====== Data segment

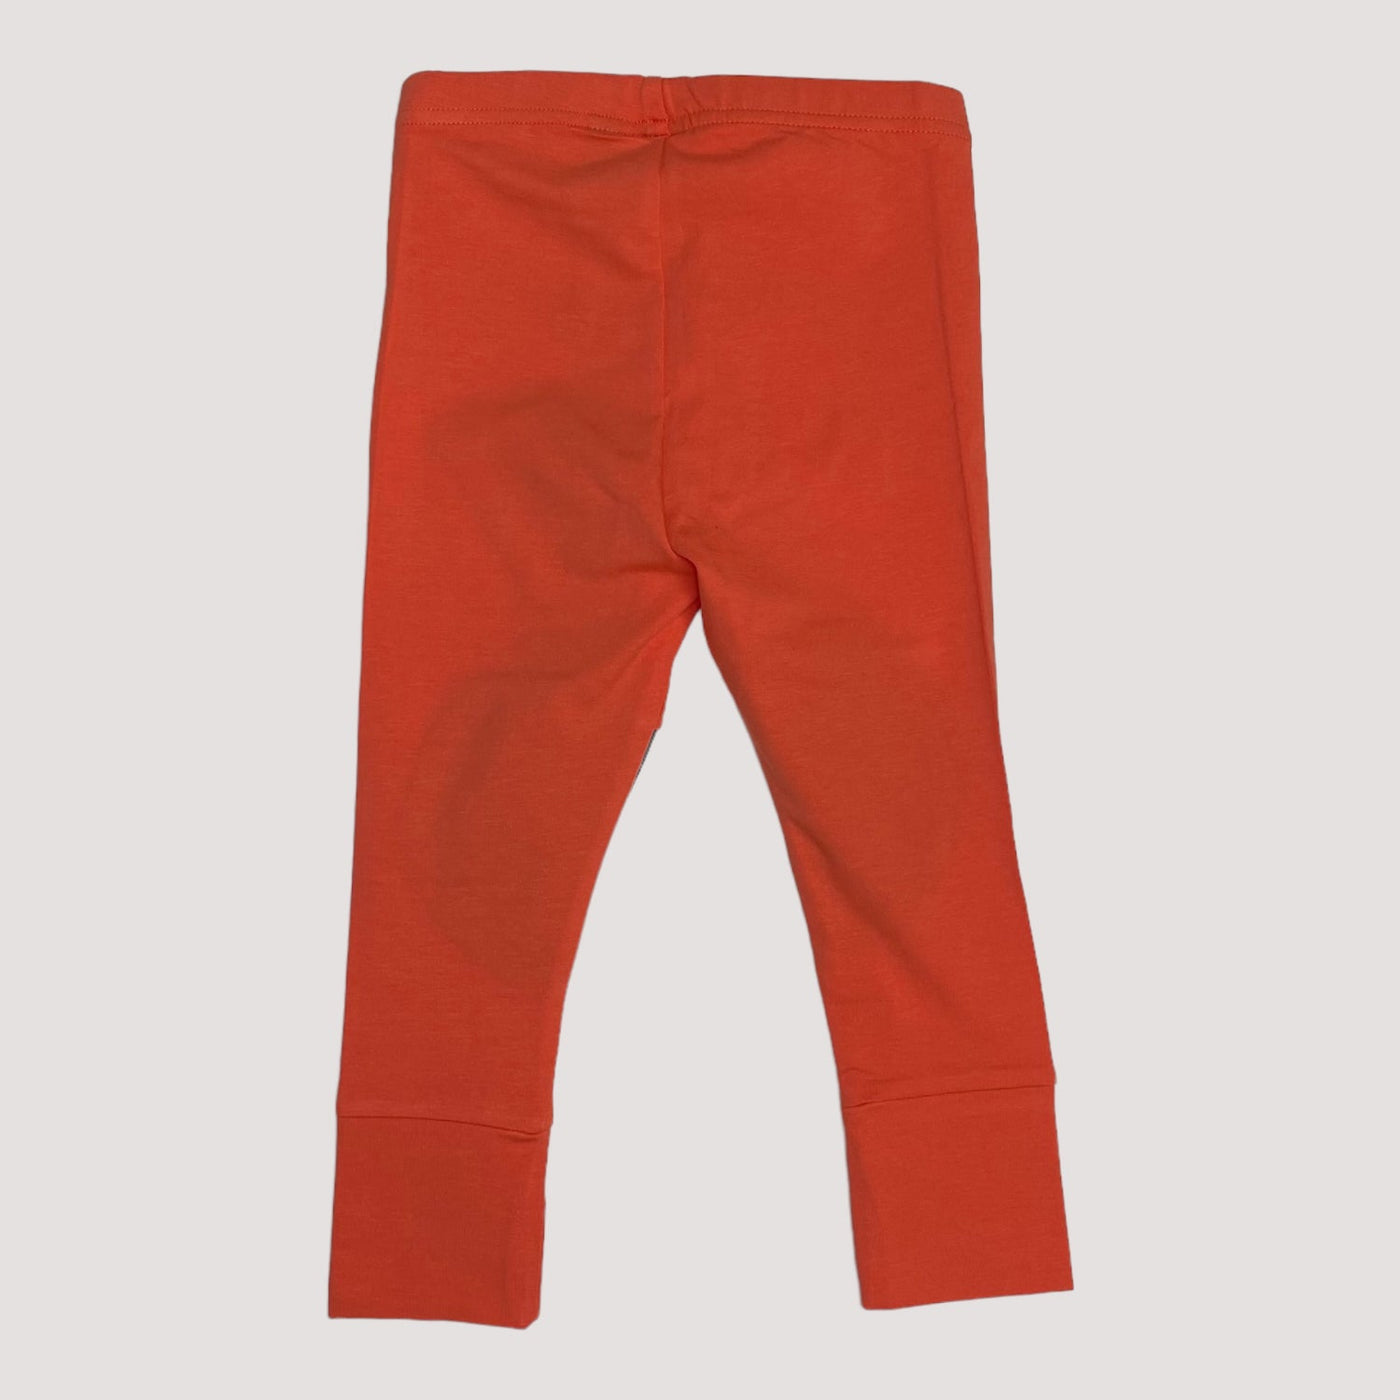 patch leggings, scream red/black | 74/80cm
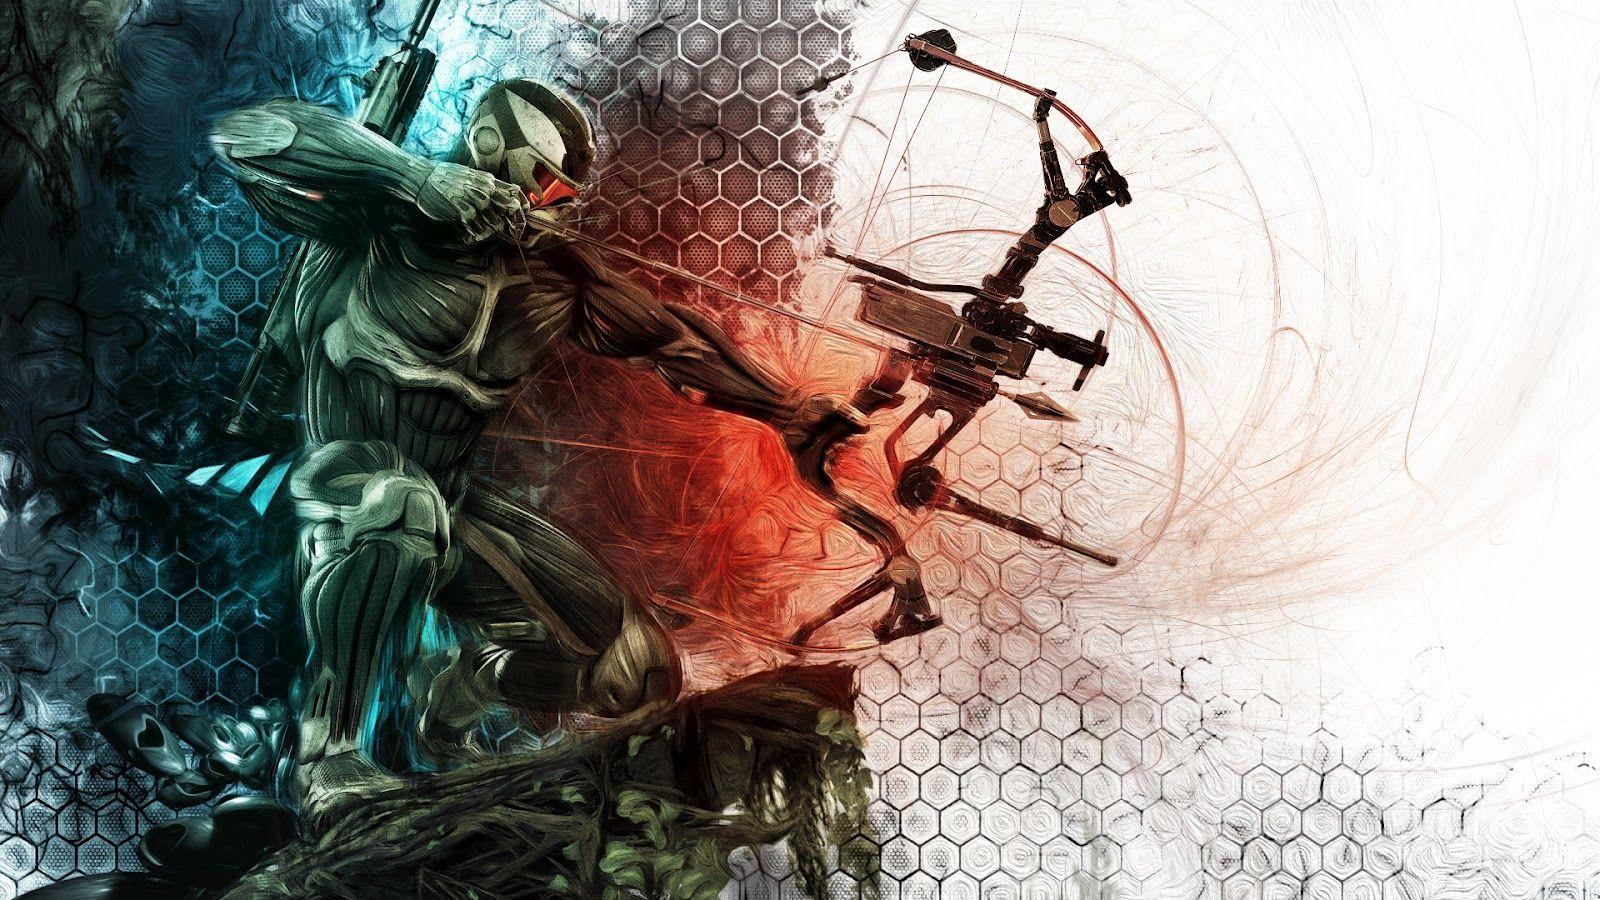 Crysis 3 [Imagenes wallpaper full HD + trailer]!
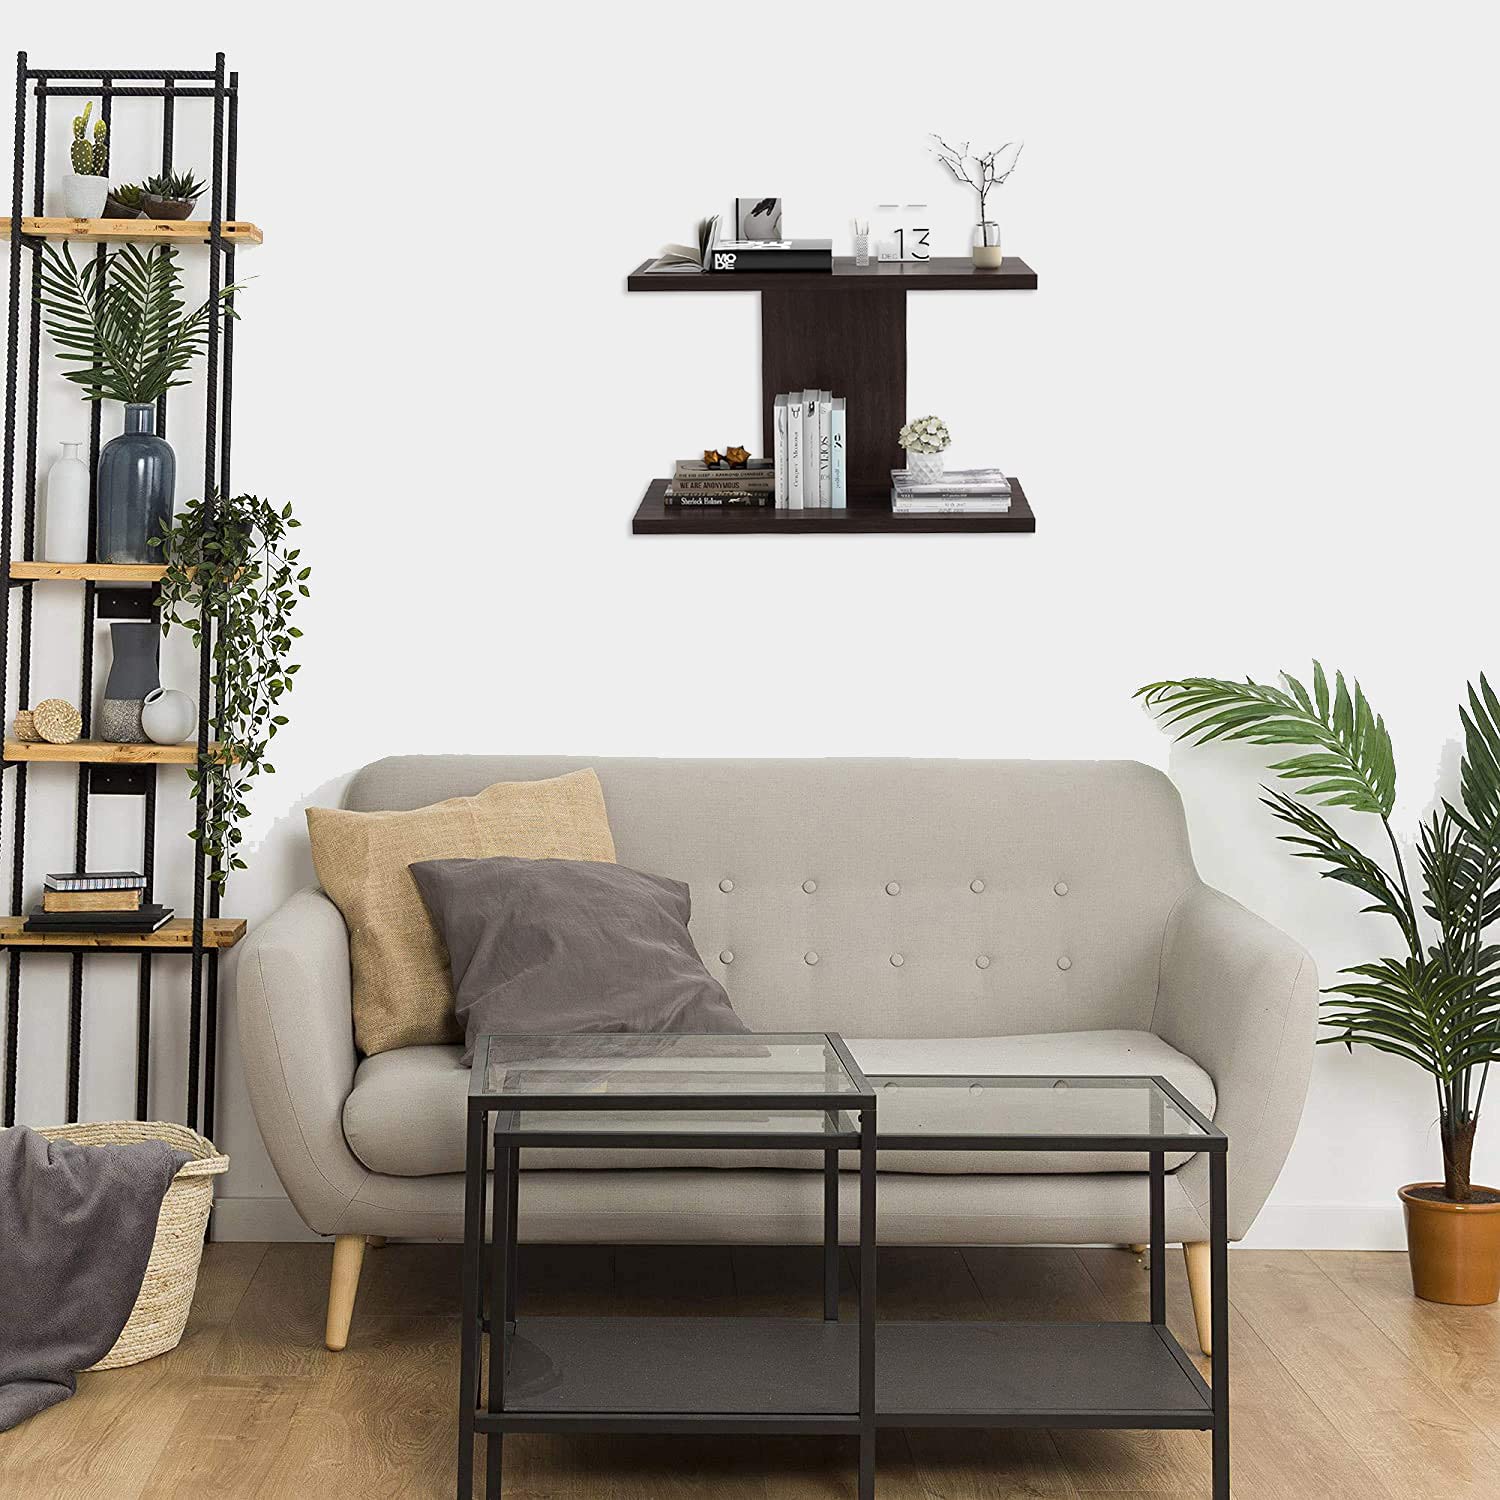 living room wall shelves | Interior Design Ideas
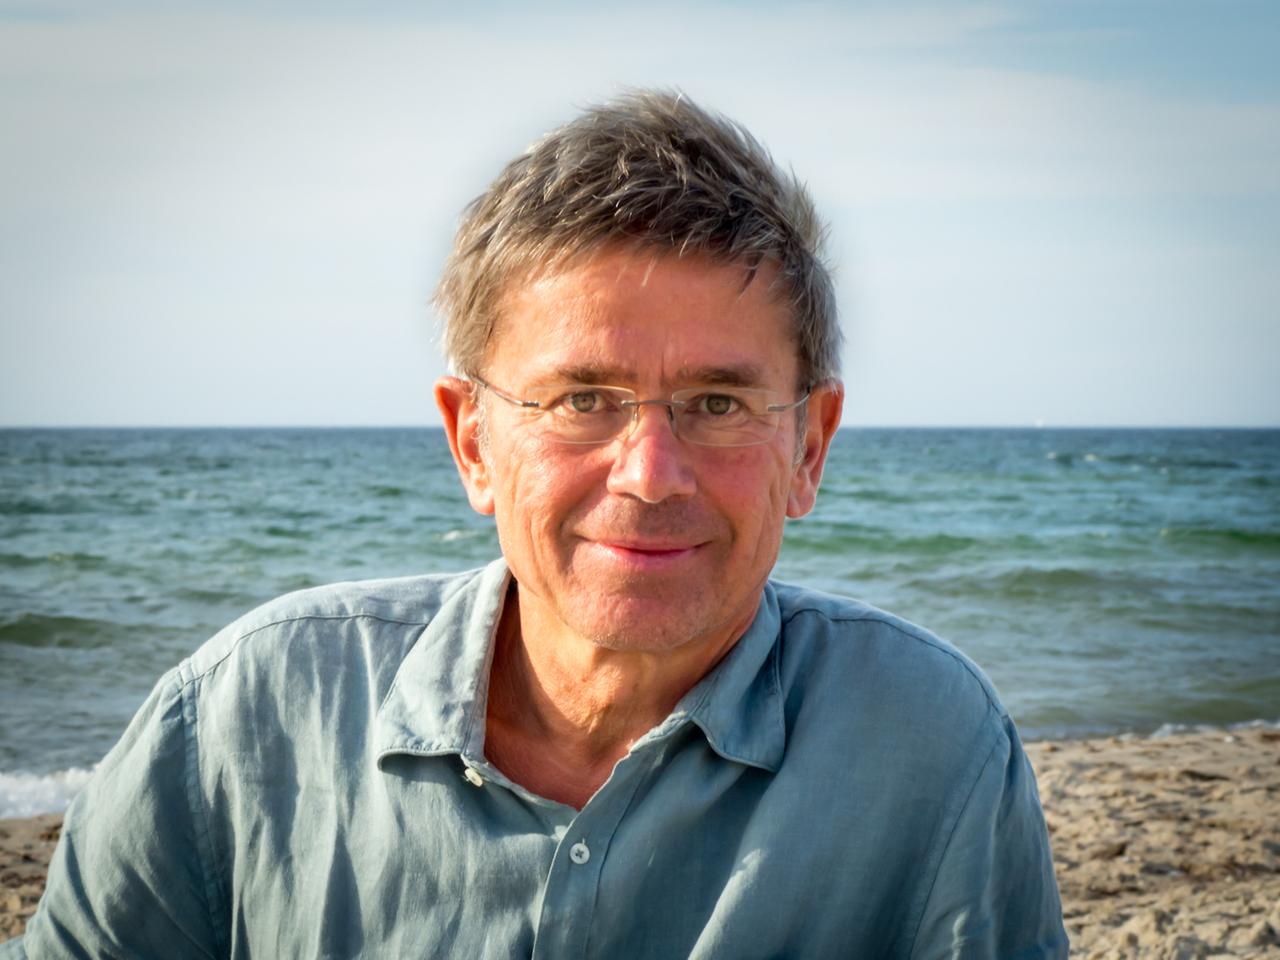 Porträt von Stefan Rahmstorf. Ein mittelalter Mann mit randloser Brille und im blauen Hemd schaut direkt in die Kamera. Hinter ihm ist das Meer zu sehen.

============

Work order –
With the pictures set aside, copy each line above as written.

Answer space –
 patch leggings, scream red/black | 74/80cm
 Crysis 3 [Imagenes wallpaper full HD + trailer]!
 living room wall shelves | Interior Design Ideas
 Porträt von Stefan Rahmstorf. Ein mittelalter Mann mit randloser Brille und im blauen Hemd schaut direkt in die Kamera. Hinter ihm ist das Meer zu sehen.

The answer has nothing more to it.